Sean Farrell reports from Thomond Park

THE FLOOD BARRIERS along the quays in Limerick held firm through Storm Brian and high tide, and for 75 minutes, Munster proved even more watertight to dig a win out of a gripping battle with Racing.

Though it was a match that took over an hour to deliver a score – a Conor Murray blockdown, chase and slide over the try-line – it was an absorbing affair between two sides struggling to adapt to swirling wind and intermittent squalls.

A week on from a draw which forced everything bar their attitude into the ‘work-on’ column, Munster converted that work-rate into a remarkably disciplined display. Their penalty rate, much maligned in recent weeks, was the most improved. Red jerseys hungrily entered every collision, yet they turned around at half time with only three penalties against their name while Racing were penalised seven times.

CJ Stander with Ben Tameifuna Billy Stickland / INPHO Billy Stickland / INPHO / INPHO

Unfortunately, the ever-changing wind made it difficult to count mere penalties on the scoreboard and Munster’s endeavour in attack was twice undone just 10 metres from the try-line by Rhys Marshall’s line-out throws.

The cause for the scoreless first-half was a solid defensive display from the hosts. Racing dominated the first period possession and approached 70% of territory, yet Jacques Nienaber’s defence continually found a body and a hit to keep the danger to a minimum – including a draining set of 20 phases.

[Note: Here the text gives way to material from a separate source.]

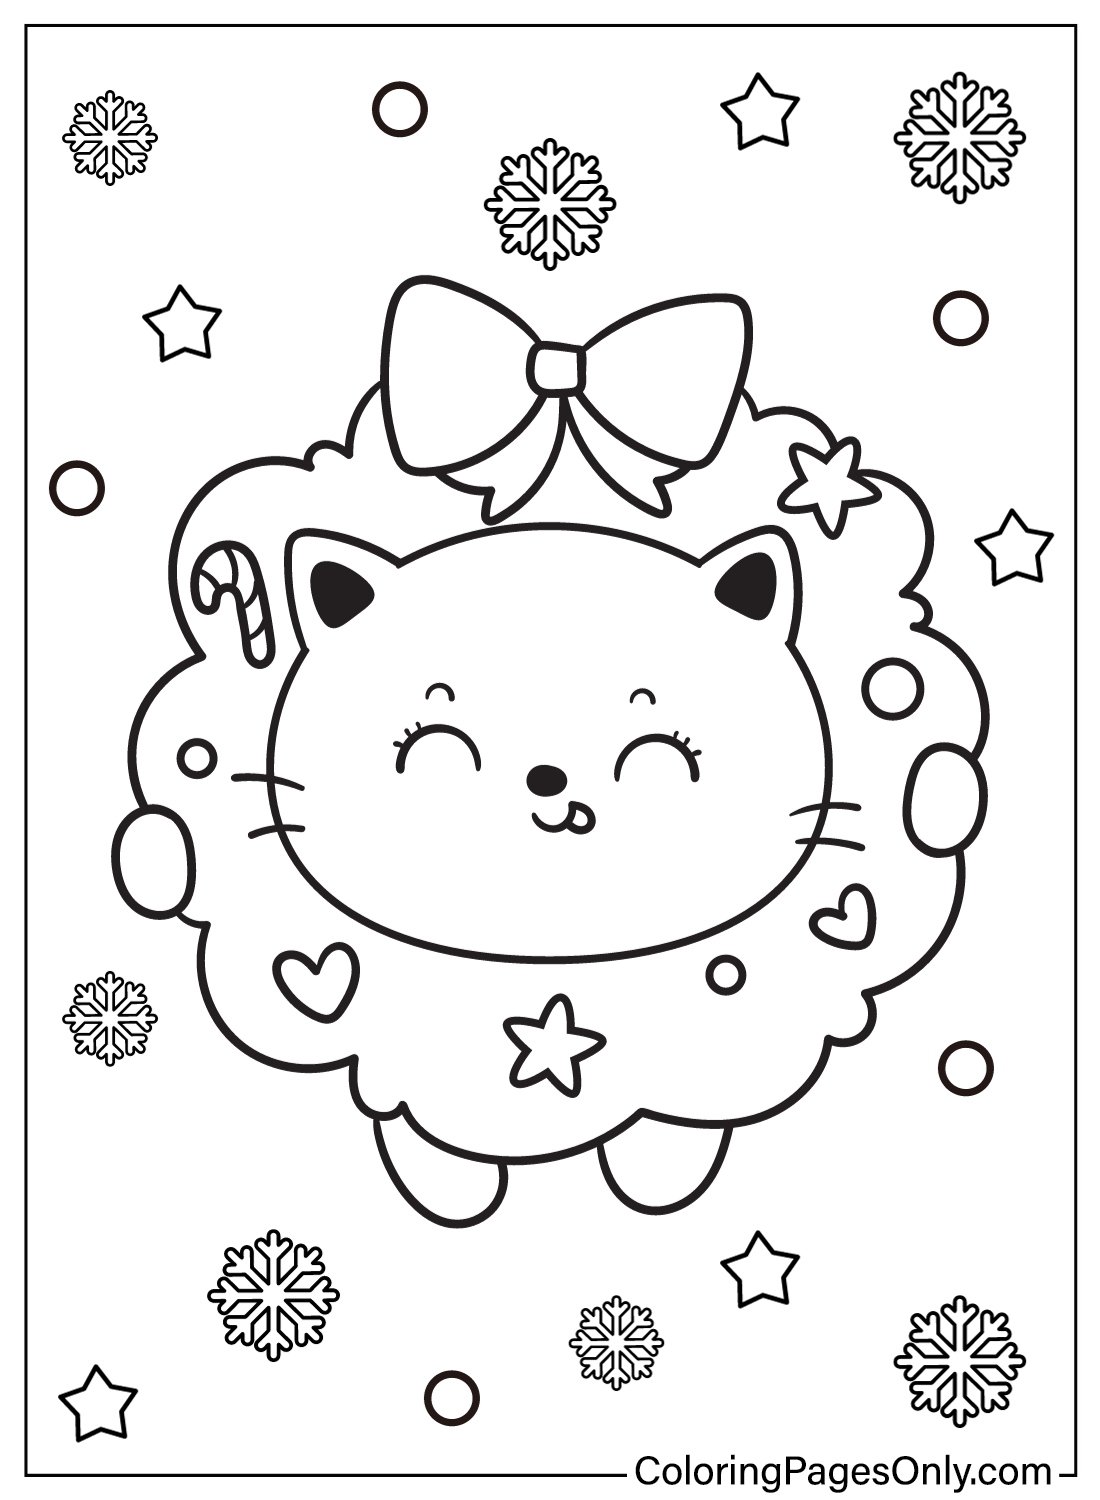 Desenhos para colorir de gato com guirlanda de Natal

Leone Nakarawa and Jean Kleyn Bryan Keane / INPHO Bryan Keane / INPHO / INPHO

Ian Keatley worked at injecting a higher tempo in Munster’s attack with some smart varied kicks to begin the first half. A foot in touch for Sweetnam, a drop by Keith Earls and a wayward bounce contrived to keep the scoreboard operator from action.

However, it was a kick from a French half-back which ultimately tilted the game. With Dan Carter taking a seat on the bench after being called ashore, Maxime Machenaud attempted to hook a box-kick over a scrum on his own 10 metre line. Munster hands had come whistling past kicks from Machenaud and Carter all night, but clearly they hadn’t heeded the warnings. Murray got his body at point-blank range and the ball bounced kindly off him to remain in play while the scrum-half gave chase and gathered while diving to finish.

Conor Murray scores his sides first try Dan Sheridan / INPHO Dan Sheridan / INPHO / INPHO

And sure you know how it is. You wait an hour in the cold and rain for a try and then three come along at once. To the guttural roars of the 22,054 in Thomond Park, it was Andrew Conway, finishing off after Rory Scannell knitted together a move in the 22, who touched down in the corner before Keatley kicked a second superb touchline effort to give the hosts a full 14-point advantage with 10 minutes on the clock.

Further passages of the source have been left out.